The bladder serves as a reservoir for the storage and emptying of urine. Spina bifida and bladder cancer are conditions that adversely affect the bladder, and many patients must undergo bladder replacement. Unfortunately, current bladder replacement techniques require the use of intestine, which is associated with significant perioperative morbidity and long-term complications. Recently, tissue engineered bladder segments derived from autologous biopsy have been identified as an alternative to the use of intestine for bladder replacement in both animal studies and in clinical trials.
Unfortunately, suitable unaffected donor cells may not exist in patients with spina bifida or bladder cancer. In these situations, hESCs are envisioned as a viable source of cells from which the desired tissue can be derived. Combining the techniques learned in tissue engineering over the past few decades with this potentially endless source of versatile cells could lead to novel sources of replacement organs such as the bladder.
This proposal will build upon principles from both tissue engineering and developmental biology with the intent of bioengineering bladder tissue derived from hESCs to avoid the complications and morbidity associated with the use of intestine for bladder replacement.
In addition to NIH-approved hESC lines, this proposal will involve the use of non-NIH approved hESC lines that were developed in xenogen-free and pathogen-free conditions, which would make them eligible for future clinical applications. This is in contrast to the approved hESC lines on the NIH registry, which were contaminated with mouse products.
In summary, this proposal will investigate the targeting of lineage-specific differentiation of hESCs toward the bladder cell lineages for bladder tissue engineering applications. Due to ongoing clinical studies using constructs derived from autologous bladder cells, the transition to clinical applications should be greatly shortened. The findings will greatly improve the lives of patients with spina bifida and bladder cancer, and will help to solidify California’s leadership in these fields.
Statement of Benefit to California:
This proposal will utilize novel hESC lines that were developed outside of the United States in political and social environments that have allowed rapid advancements in human embryonic stem cell research over the past 10 years. These cell lines include those that were derived in xenogen-free and pathogen-free conditions that render them eligible for future clinical applications. As these cell lines have not been used in the United States thus far, this proposal will allow the importation of these novel stem cell lines, which eventually can be made available to all interested scientists in California and the rest of the United States.

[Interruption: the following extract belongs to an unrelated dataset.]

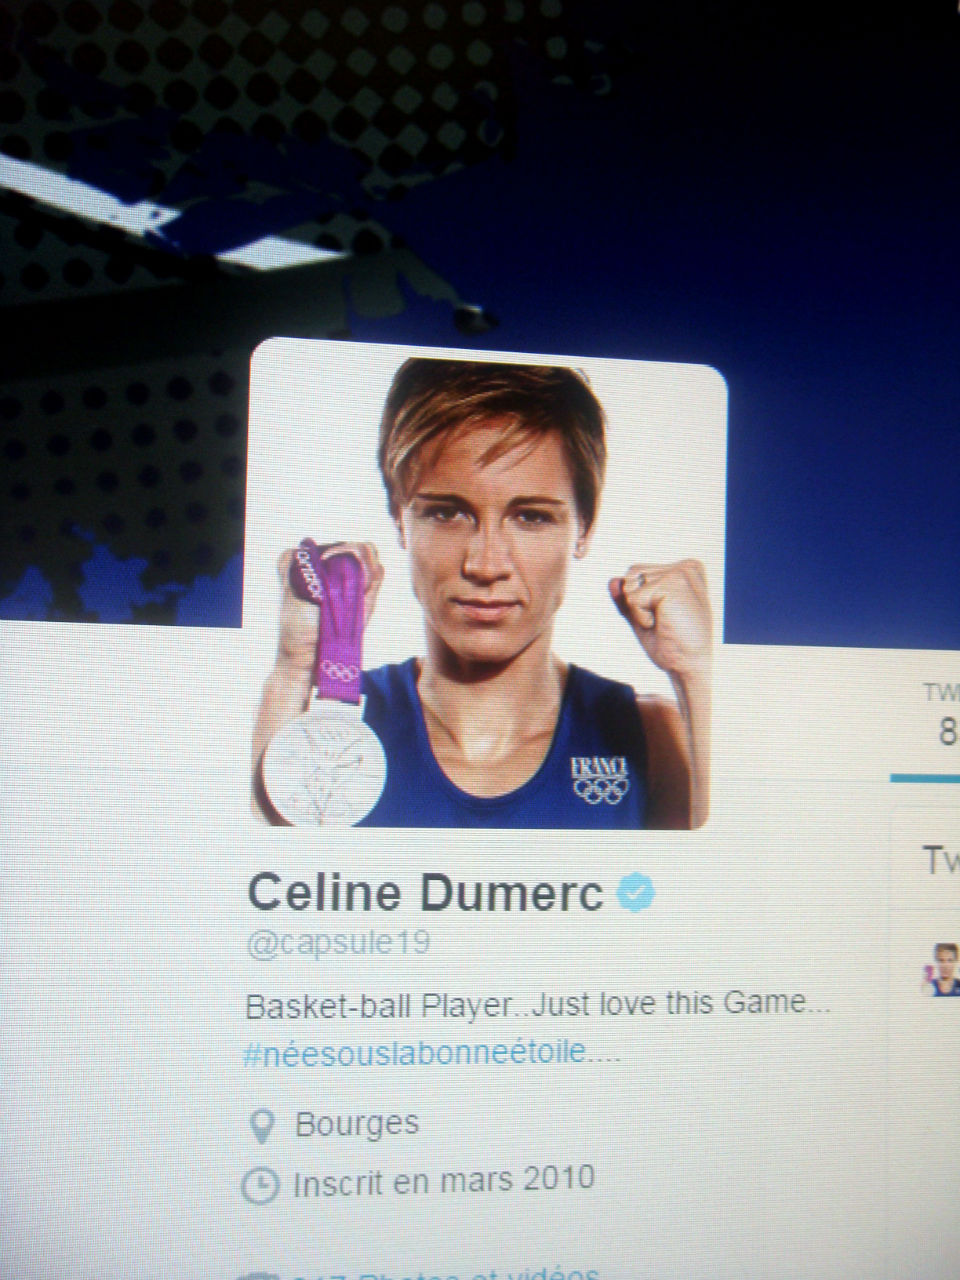 La basketteuse aux 58 000 followers partage sa vie sportive sur Twitter et beaucoup de photos avec son équipe ou la sélection française

In addition, this proposal will investigate the targeting of lineage-specific differentiation of hESCs toward the bladder cell lineages for bladder tissue engineering applications. Due to ongoing FDA-approved clinical studies using tissue engineered constructs derived from autologous bladder cells, the transition to clinical applications should be greatly shortened. The findings will greatly improve the lives of patients with spina bifida and bladder cancer by avoiding the use of intestine, and will help to solidify California’s leadership in these fields.